Report each line of the entries that includes "downtown" by copying it.

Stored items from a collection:
# # #

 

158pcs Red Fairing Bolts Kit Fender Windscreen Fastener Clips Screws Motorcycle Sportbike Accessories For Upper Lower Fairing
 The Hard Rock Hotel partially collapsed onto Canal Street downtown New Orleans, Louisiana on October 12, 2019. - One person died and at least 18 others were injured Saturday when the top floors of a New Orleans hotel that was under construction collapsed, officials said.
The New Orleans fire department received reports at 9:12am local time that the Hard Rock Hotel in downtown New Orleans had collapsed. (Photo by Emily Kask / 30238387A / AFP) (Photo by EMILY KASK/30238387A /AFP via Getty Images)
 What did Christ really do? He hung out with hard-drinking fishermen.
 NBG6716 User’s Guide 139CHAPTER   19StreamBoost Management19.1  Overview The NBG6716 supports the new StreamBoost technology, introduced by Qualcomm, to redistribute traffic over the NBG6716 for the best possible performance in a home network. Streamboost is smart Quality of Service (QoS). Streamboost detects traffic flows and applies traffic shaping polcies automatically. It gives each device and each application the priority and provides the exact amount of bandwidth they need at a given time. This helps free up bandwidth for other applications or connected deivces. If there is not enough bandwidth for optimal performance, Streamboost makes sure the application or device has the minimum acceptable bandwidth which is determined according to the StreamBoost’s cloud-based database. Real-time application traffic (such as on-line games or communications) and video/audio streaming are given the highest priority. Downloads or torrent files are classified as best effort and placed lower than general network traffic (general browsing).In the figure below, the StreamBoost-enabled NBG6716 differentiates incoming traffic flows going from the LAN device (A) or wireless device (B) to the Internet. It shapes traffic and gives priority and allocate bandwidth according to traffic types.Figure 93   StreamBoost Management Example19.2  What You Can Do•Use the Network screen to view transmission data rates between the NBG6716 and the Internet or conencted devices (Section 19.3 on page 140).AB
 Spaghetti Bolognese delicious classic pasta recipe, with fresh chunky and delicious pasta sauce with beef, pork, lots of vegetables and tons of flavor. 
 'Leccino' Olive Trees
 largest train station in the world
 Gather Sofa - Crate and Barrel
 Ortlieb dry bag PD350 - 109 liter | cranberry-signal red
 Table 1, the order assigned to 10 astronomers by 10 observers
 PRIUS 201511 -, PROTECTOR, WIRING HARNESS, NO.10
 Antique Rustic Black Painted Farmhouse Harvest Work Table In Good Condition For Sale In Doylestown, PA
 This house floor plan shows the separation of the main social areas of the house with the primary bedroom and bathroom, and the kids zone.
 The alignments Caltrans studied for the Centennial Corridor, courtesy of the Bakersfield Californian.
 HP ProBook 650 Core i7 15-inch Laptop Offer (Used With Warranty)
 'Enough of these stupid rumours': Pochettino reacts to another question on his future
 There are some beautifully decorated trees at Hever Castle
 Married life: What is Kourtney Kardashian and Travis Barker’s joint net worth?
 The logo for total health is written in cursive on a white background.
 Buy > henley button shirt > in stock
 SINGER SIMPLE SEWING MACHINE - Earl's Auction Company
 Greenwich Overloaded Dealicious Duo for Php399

# # #

The answer:
 The Hard Rock Hotel partially collapsed onto Canal Street downtown New Orleans, Louisiana on October 12, 2019. - One person died and at least 18 others were injured Saturday when the top floors of a New Orleans hotel that was under construction collapsed, officials said.
The New Orleans fire department received reports at 9:12am local time that the Hard Rock Hotel in downtown New Orleans had collapsed. (Photo by Emily Kask / 30238387A / AFP) (Photo by EMILY KASK/30238387A /AFP via Getty Images)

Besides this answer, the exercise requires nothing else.